Given records:
===============
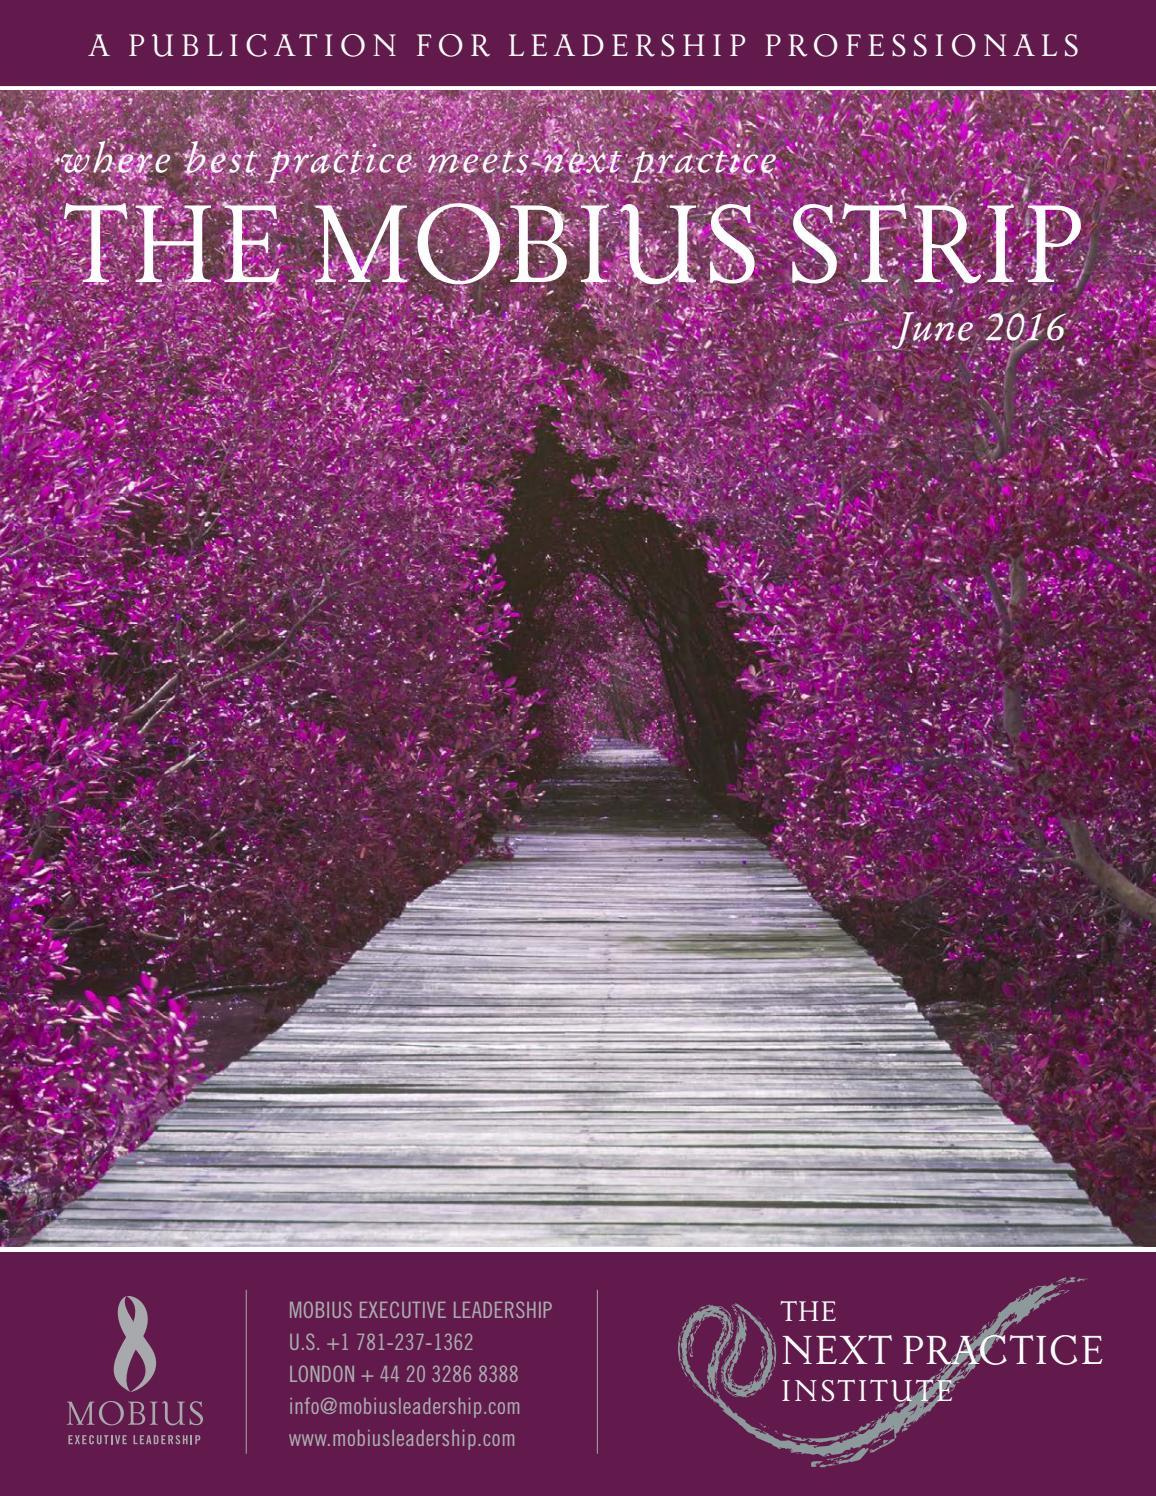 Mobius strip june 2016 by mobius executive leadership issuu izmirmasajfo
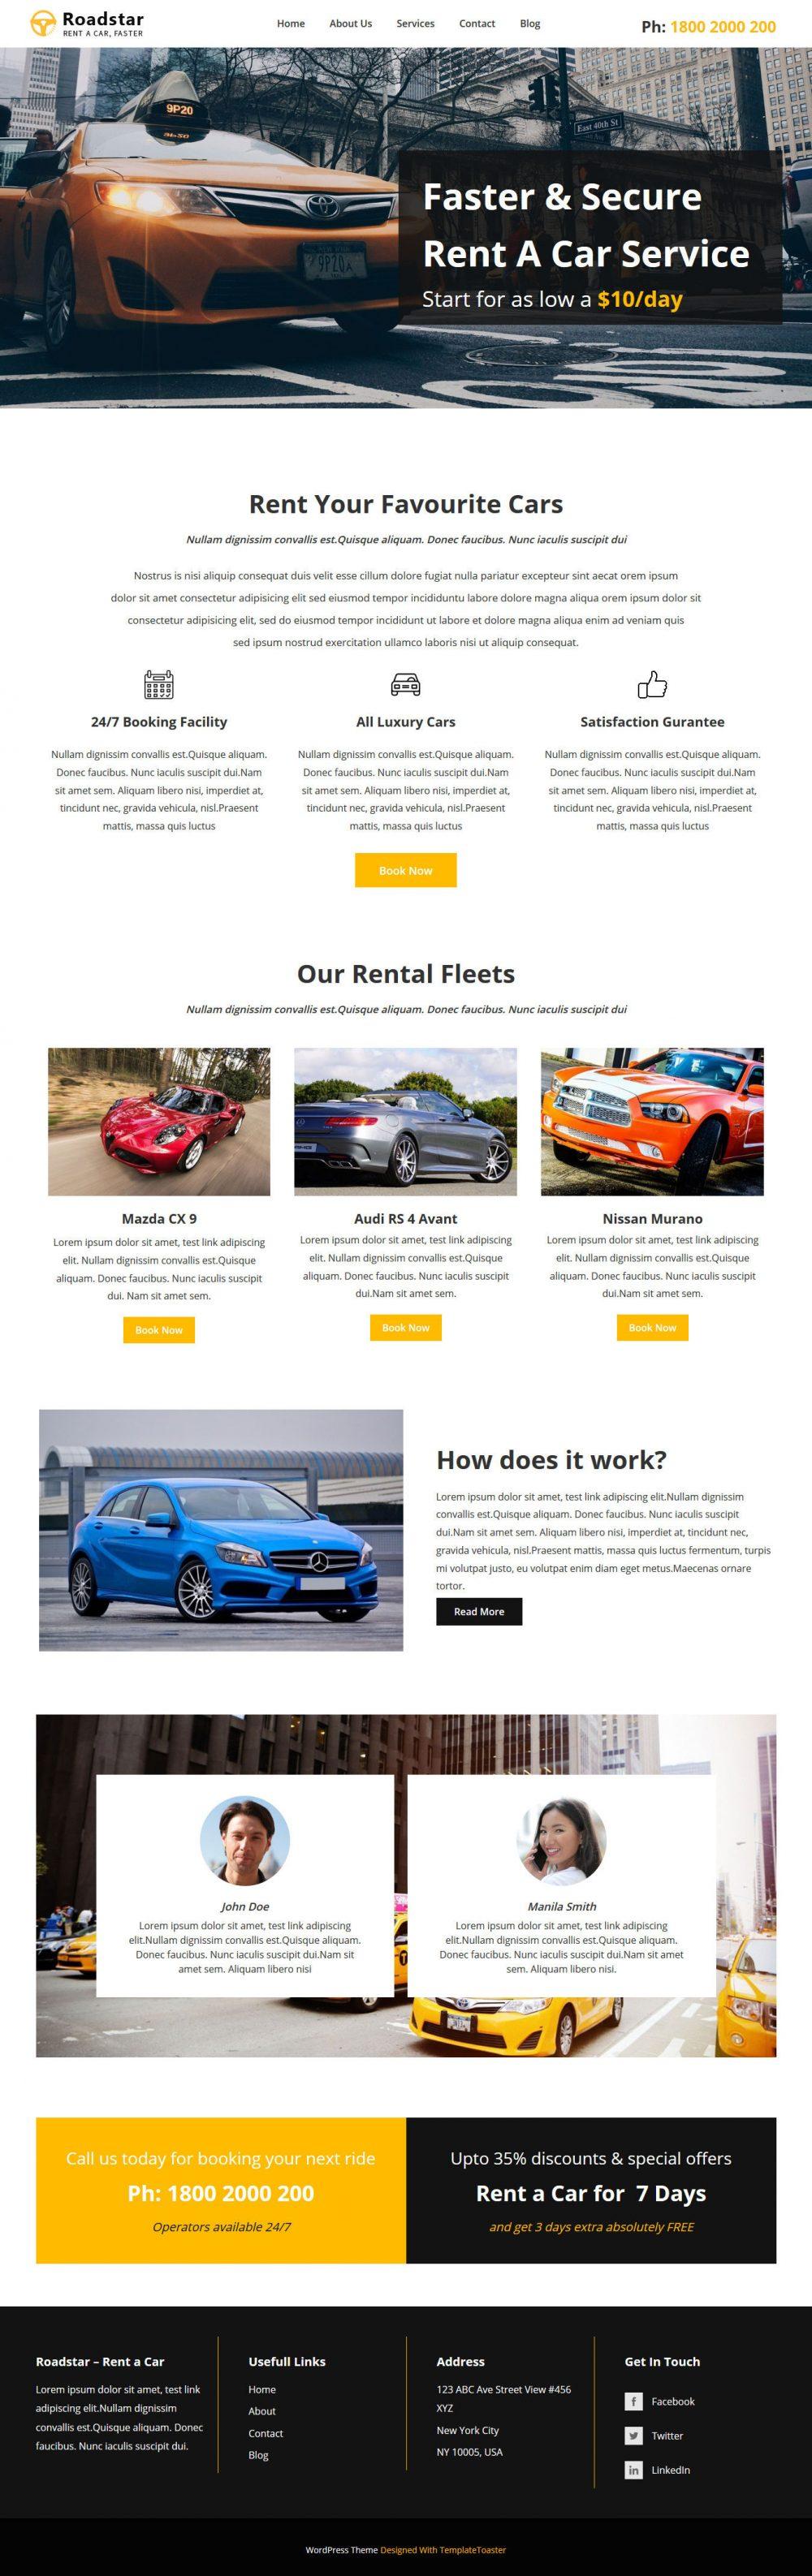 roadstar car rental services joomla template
===============
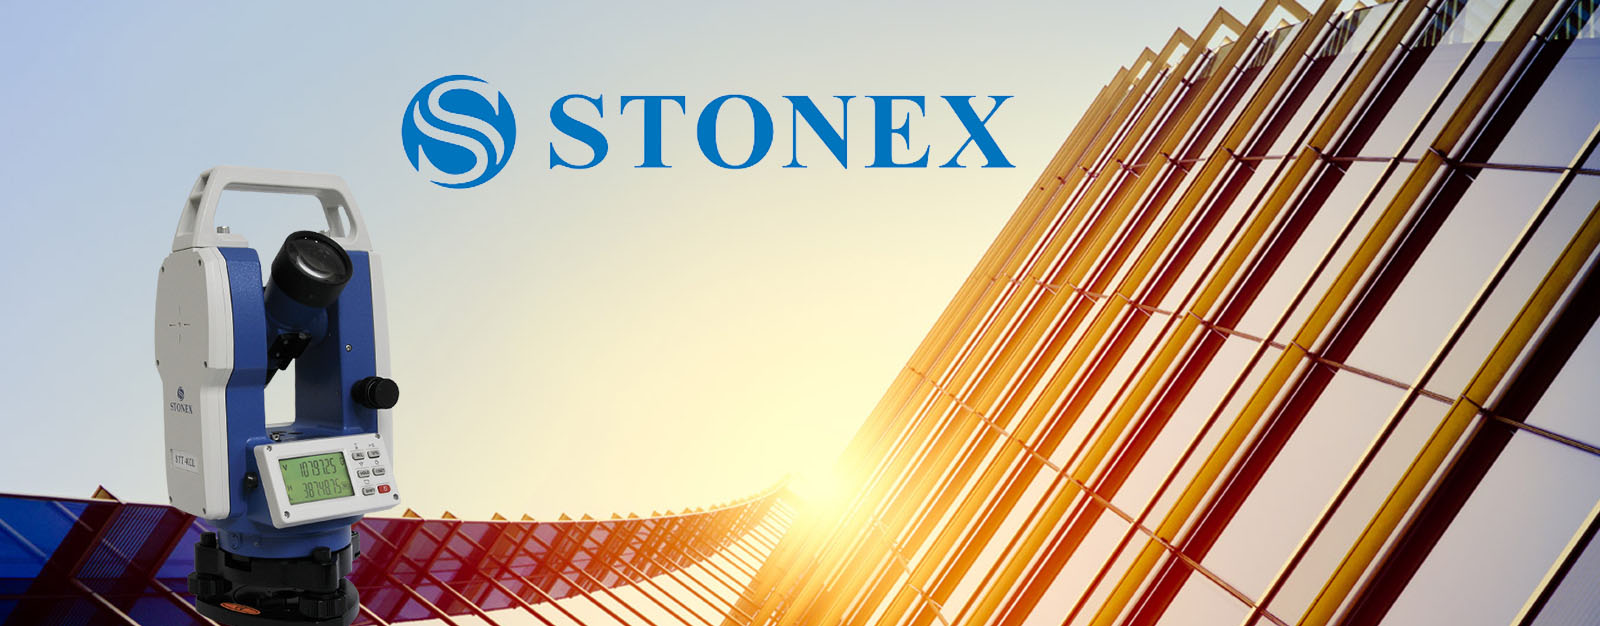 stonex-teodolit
===============
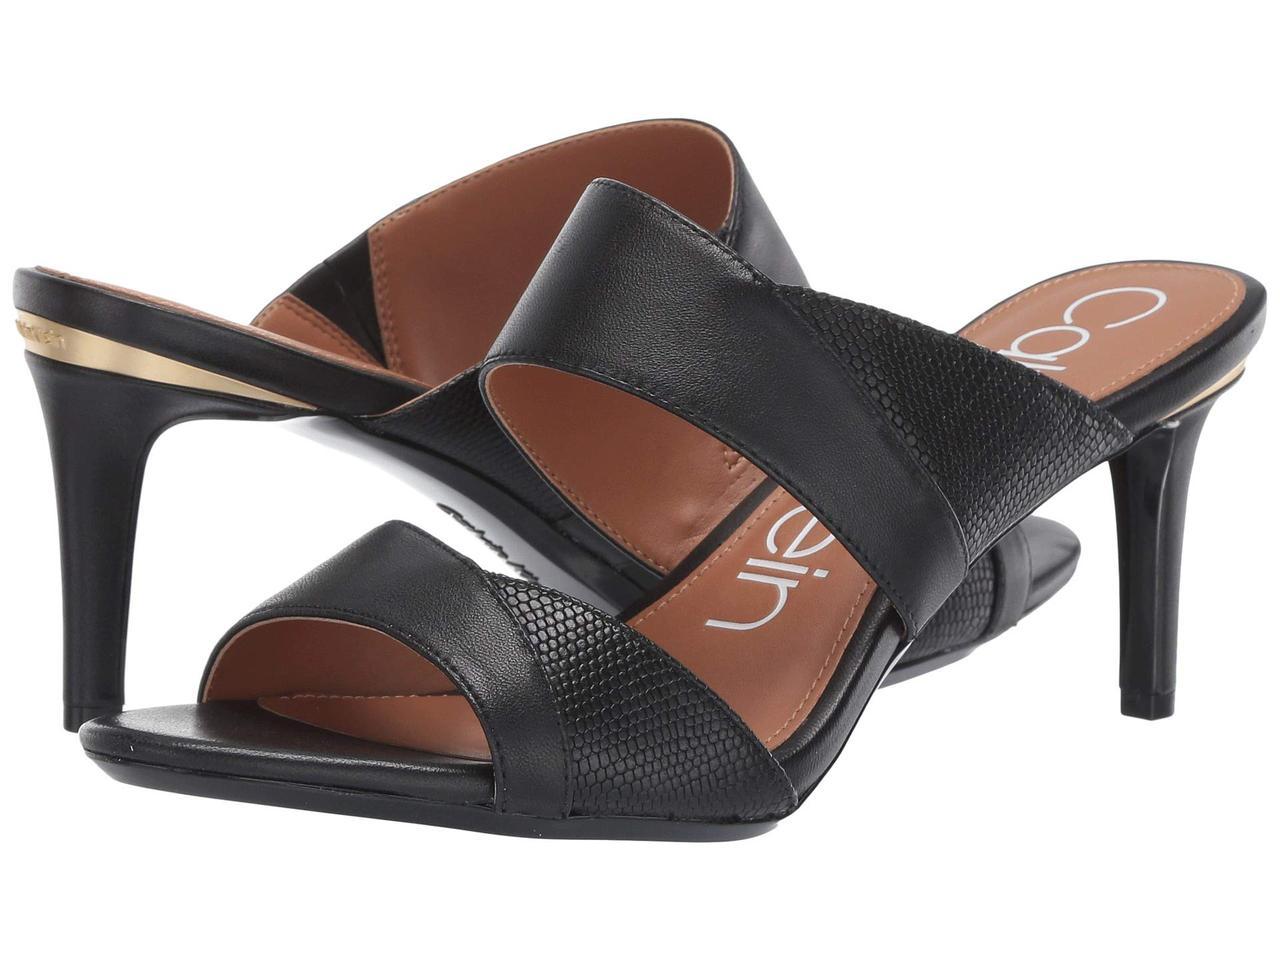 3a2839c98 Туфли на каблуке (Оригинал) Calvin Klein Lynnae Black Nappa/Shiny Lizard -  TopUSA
===============
To do:
Beginning with the line that contains "Mobius strip june", write out the lines of the material above exactly, and end with the line that contains "roadstar car rental services joomla template". Omit the pictures.

Response to the exercise:
 Mobius strip june 2016 by mobius executive leadership issuu izmirmasajfo
 roadstar car rental services joomla template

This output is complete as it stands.